When the pathogens are inhaled or reached the internal organs via the bloodstream, the internal or invasive form of the disease develops. Typhoid tularemia occurs primarily when slaughtering or working in the laboratory. The lungs and airways are often affected. Patients have a high fever, headaches and sweats. Lung abscesses are a dreaded complication of typhoid tularemia. In addition, the meninges (meningitis) can become inflamed. Inflammation of the middle skin (mediastinitis) or the pericardium (pericarditis) is possible. Other complications are rhabdomyolysis and osteomyelitis. Typhoid tularemia is also known as septic or generalized tularemia. It is very dangerous and has a high mortality rate.

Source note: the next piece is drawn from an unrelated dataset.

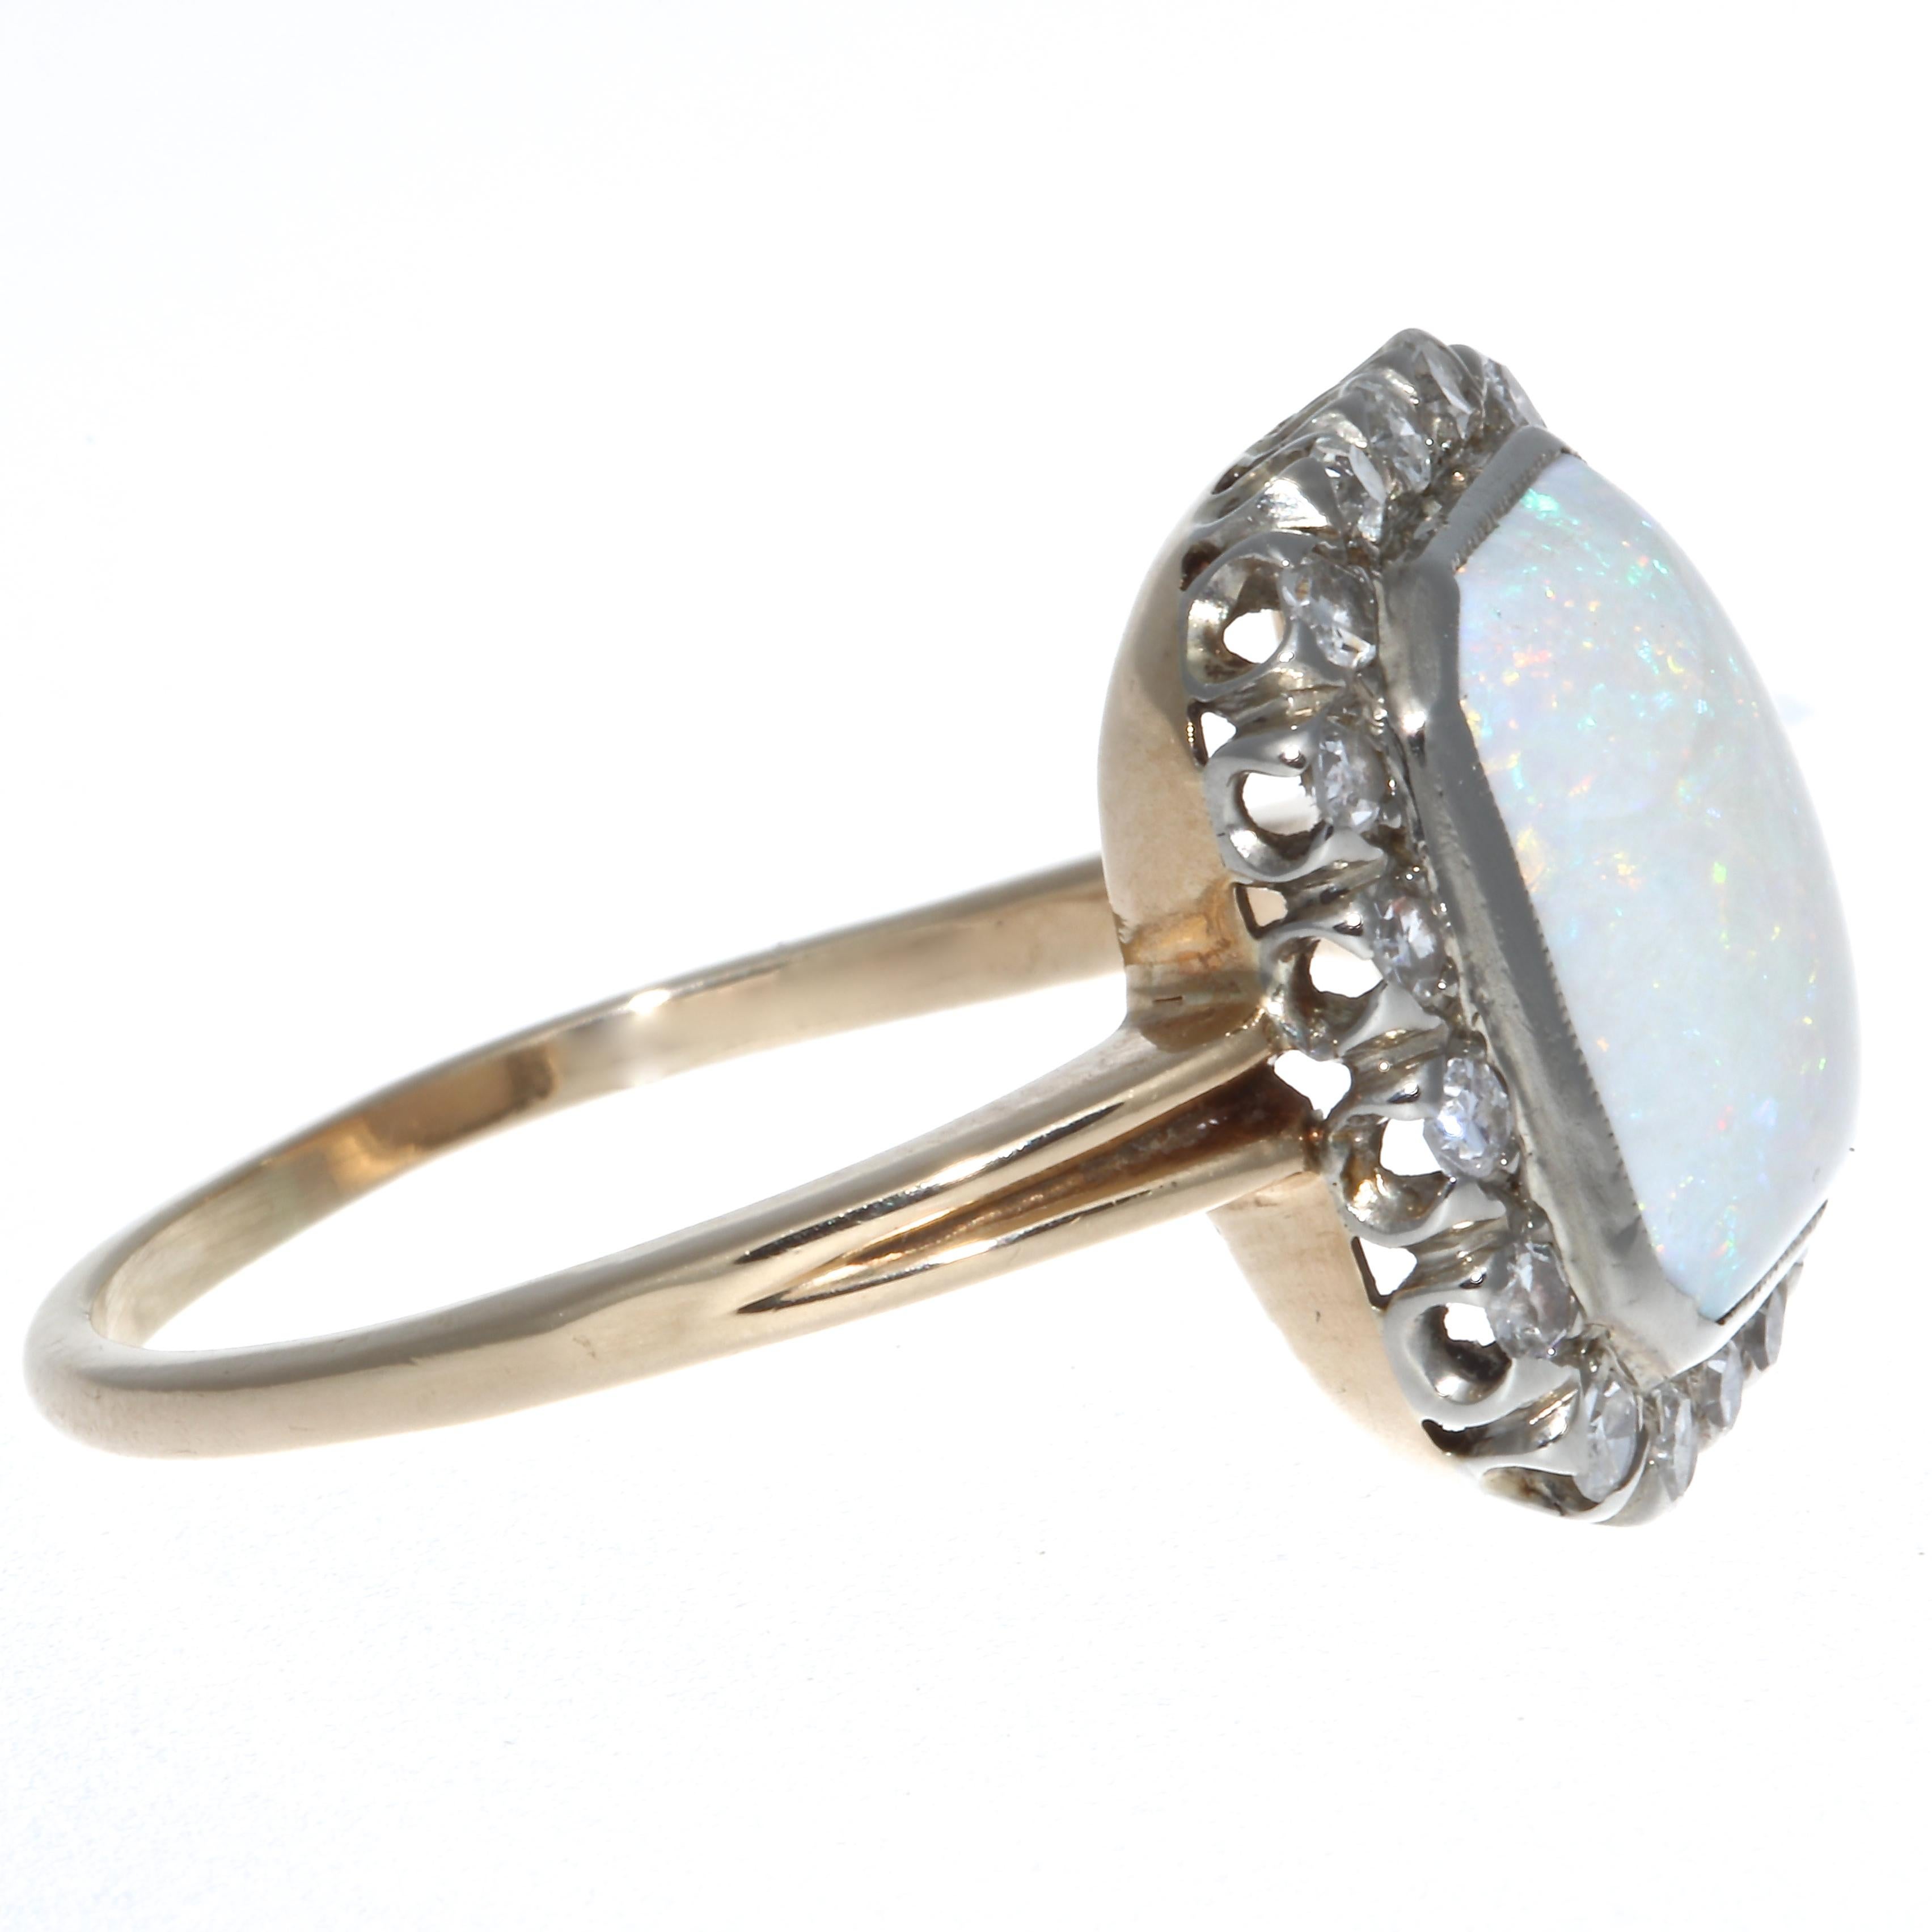 A rare antique Two-Tone opal ring. The beautifully shaped opal exhibits discreet colors throughout, maintaining it's regal presence while also exciting the eye. The opal is surrounded by 18 single cut diamonds, G,H color, SI clarity. The ring is 10k

Intestinal tularemia probably develops from the consumption of contaminated meat that has not been adequately heated. Typical symptoms are vomiting, nausea, sore throat, diarrhea and pain in the abdomen.
The second most common form of tularemia is pulmonary tularemia. It manifests itself in the form of inflammation of the lungs (pneumonia). Patients have cough with phlegm, shortness of breath, and chest pain. The abdominal tularemia shows a typhoid-like clinical picture. The liver and spleen are swollen. The patients suffer from diarrhea and abdominal pain.
Tularemia is treated with antibiotics. Streptomycin in particular has been shown to be effective. There is resistance to penicillin and sulfonamides. Even with antibiotic treatment, five percent of all invasive forms are fatal. Without treatment, the mortality rate is over 30 percent. The mortality of the American forms of tularemia is significantly higher than that of the European strains of Francisella tularensis.